Distance joue à l’élastique. L’une après l’autre, ses deux syllabent souplement s’étirent. Mais il ne faut pas trop compter sur le « e » muet pour les retenir. A tout instant, elles peuvent vous claquer dans les doigts. Pourtant, c’est bien une distance que je désespère d’insérer entre moi et l’indignation qui souvent me suffoque à la lecture des journaux. Dans la malle aux mots, rageusement je fouille pour trouver ceux qui cloueront loin de moi la douleur que cet émoi m’impose. En vain, bien sûr. Car toujours ils fuitent, toujours ils insuffisent, et ma peine pendant des heures lamentablement suinte.

Suinter

Oh, le beau mot !  Surtout lorsqu’il est conjugué. Il n’est pas de synonymes qui disent aussi sobrement les humeurs du corps et de l’esprit, ces exsudations lentes et maussades qui, entre eau et pus, gâtent chairs et natures. Sous le bandage, le symptôme est bénin et sa source incertaine.  Alors, on referme en attendant plus grave, quand on pourra trancher, purger, nettoyer. Mais on a tort. Car ce qui suinte rarement se déclare et sournoisement gangrène.

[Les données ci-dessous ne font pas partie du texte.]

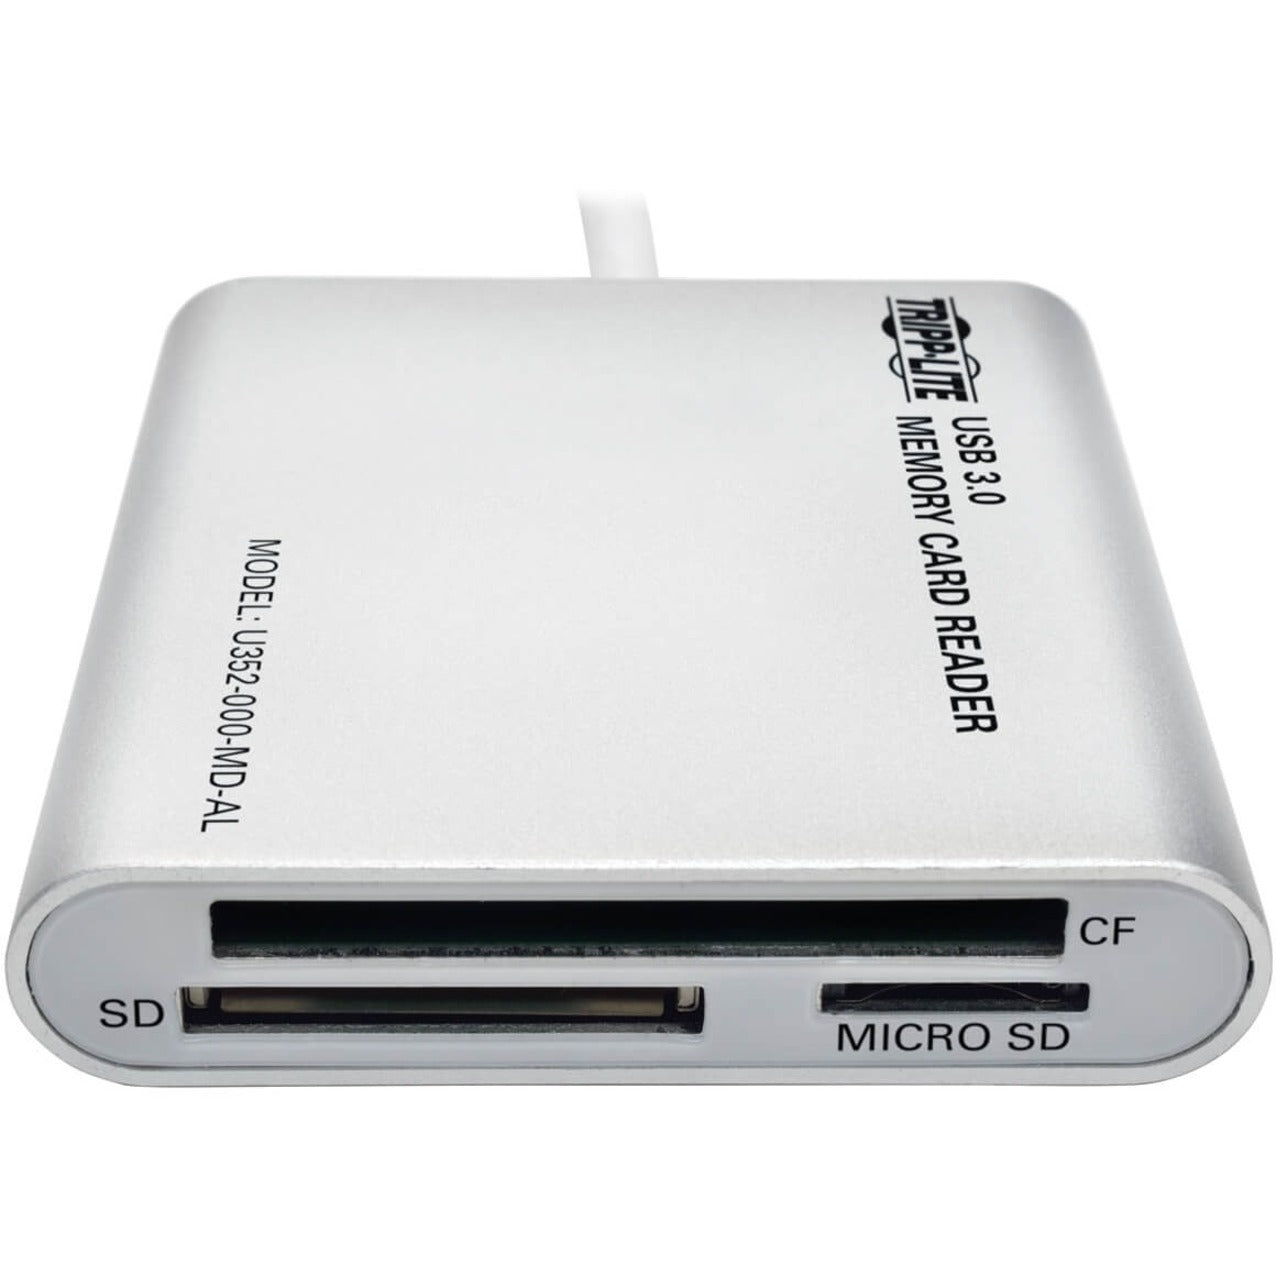 Tripp Lite U352-000-MD-AL USB 3.0 SuperSpeed Multi-Drive Memory Card Reader/Writer, Aluminum Case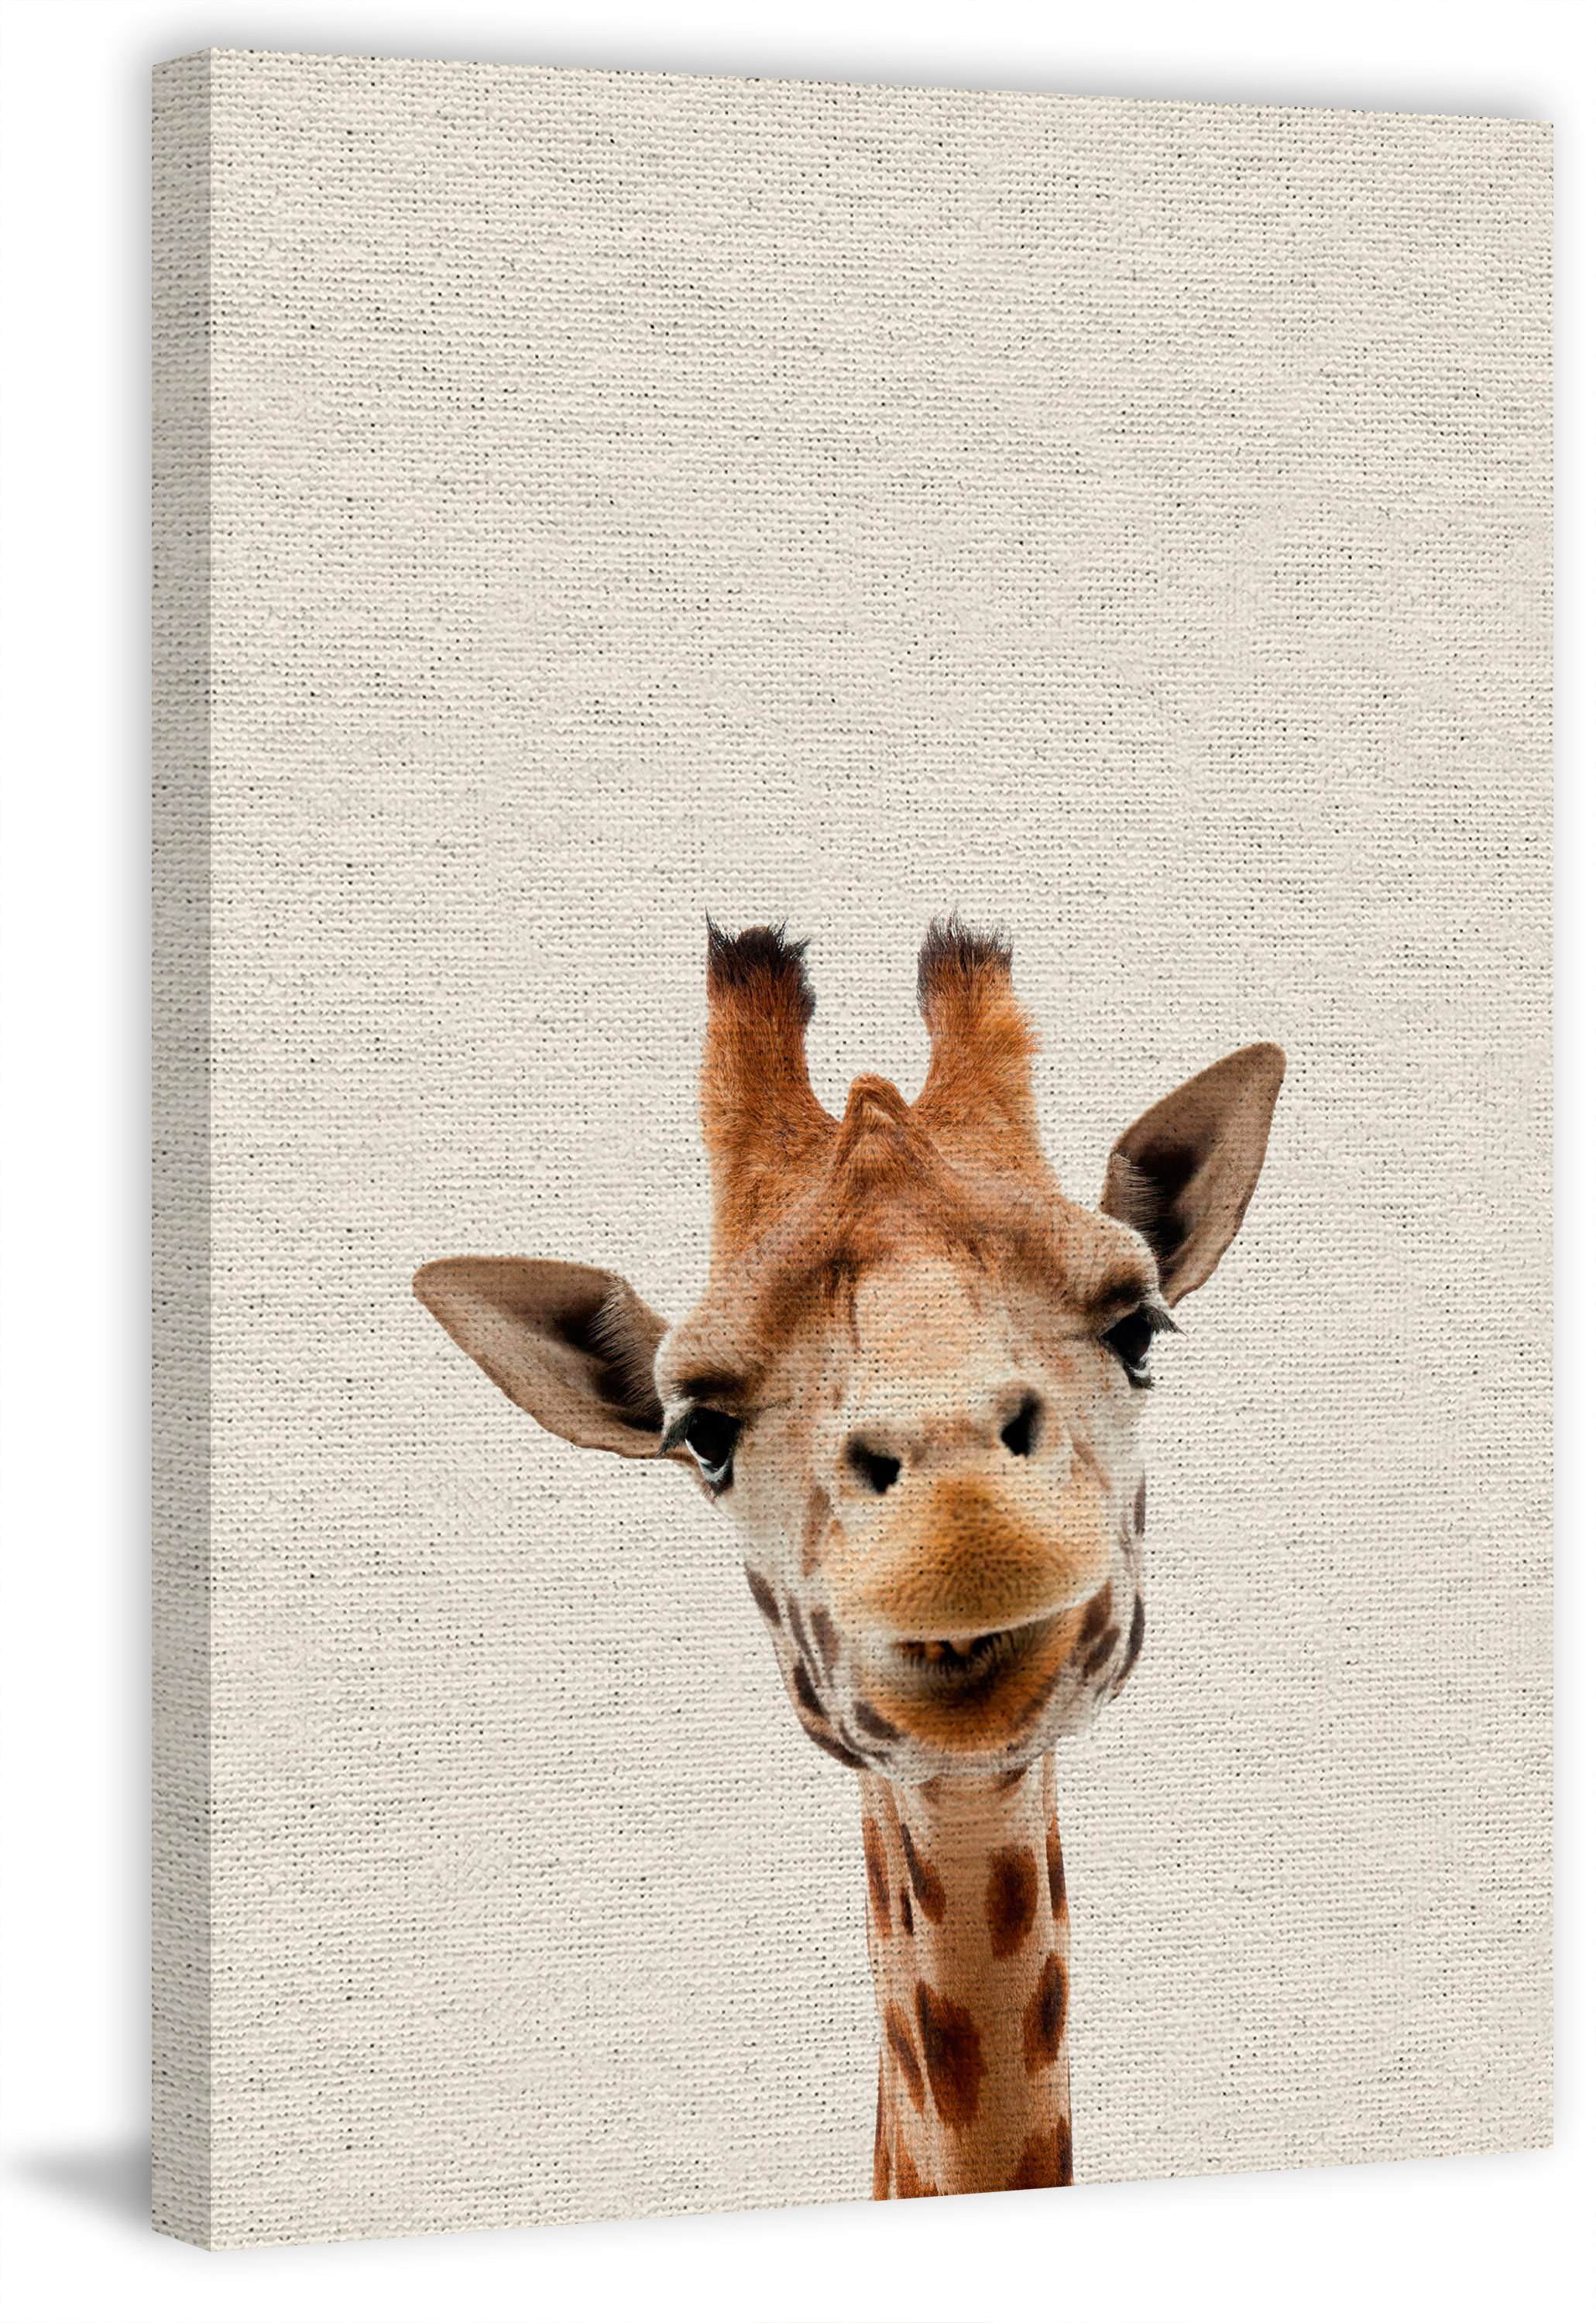 Curious Giraffe on Wrapped Canvas - Walmart.com

Dans le visage de C, qui suinte la bonté,  je vois la rancune au travail.

Travail 

Travail doit son existence à la torture et ne torture plus aujourd’hui que la parturiente, dit le dictionnaire. C’est faire peu de cas de ceux qui chaque jour en meurent. Peu de cas des scribouilleurs qui, comme moi, peinent à l’ouvrage. M’y atteler exige donc un peu de la vaillance que j’entends dans sa dernière syllabe. Car la peur toujours me précède tandis que je progresse à tâtons entre les mots, espérant en tremblant ceux qui, maigre squelette, me porteront jusqu’à la prochaine phrase.

Phrase :

Phrase, cela s’entend, frisonne avant de se lancer. Ou s’échauffe. Allez savoir. Quoi qu’il en soit, on sent une fièvre, celle de franchir l’immensité qui sépare sa majuscule du point final, un point final pourtant incertain, noyé dans le brouillard des peut-être, soumis aux vents contraires du rythme et de la syntaxe. Mieux vaut donc ne pas y penser et prêter l’oreille à la seule musique qui dans le profond de soi glougloute et, au creux d’un mot, se fraye une voie.

Voie

« Voie », comme la bouche qui le dit, s’ouvre et reste ouverte. Contrairement au chemin qui, sans prévenir, vous lâche devant un ruisseau en crue ou d’infranchissables barbelés, « voie » tient ses promesses. Pourvu qu’elle reste au singulier, on peut compter sur une sortie, une issue heureuse. Au pluriel, c’est autre chose. Le Ciel, là, s’en mêle et se plaît à rendre les siennes impénétrables. Comme ça. Par caprice.  Pour le plaisir de tourmenter. Je trouve d’ailleurs la langue bien docile de ne pas lui substituer un autre mot.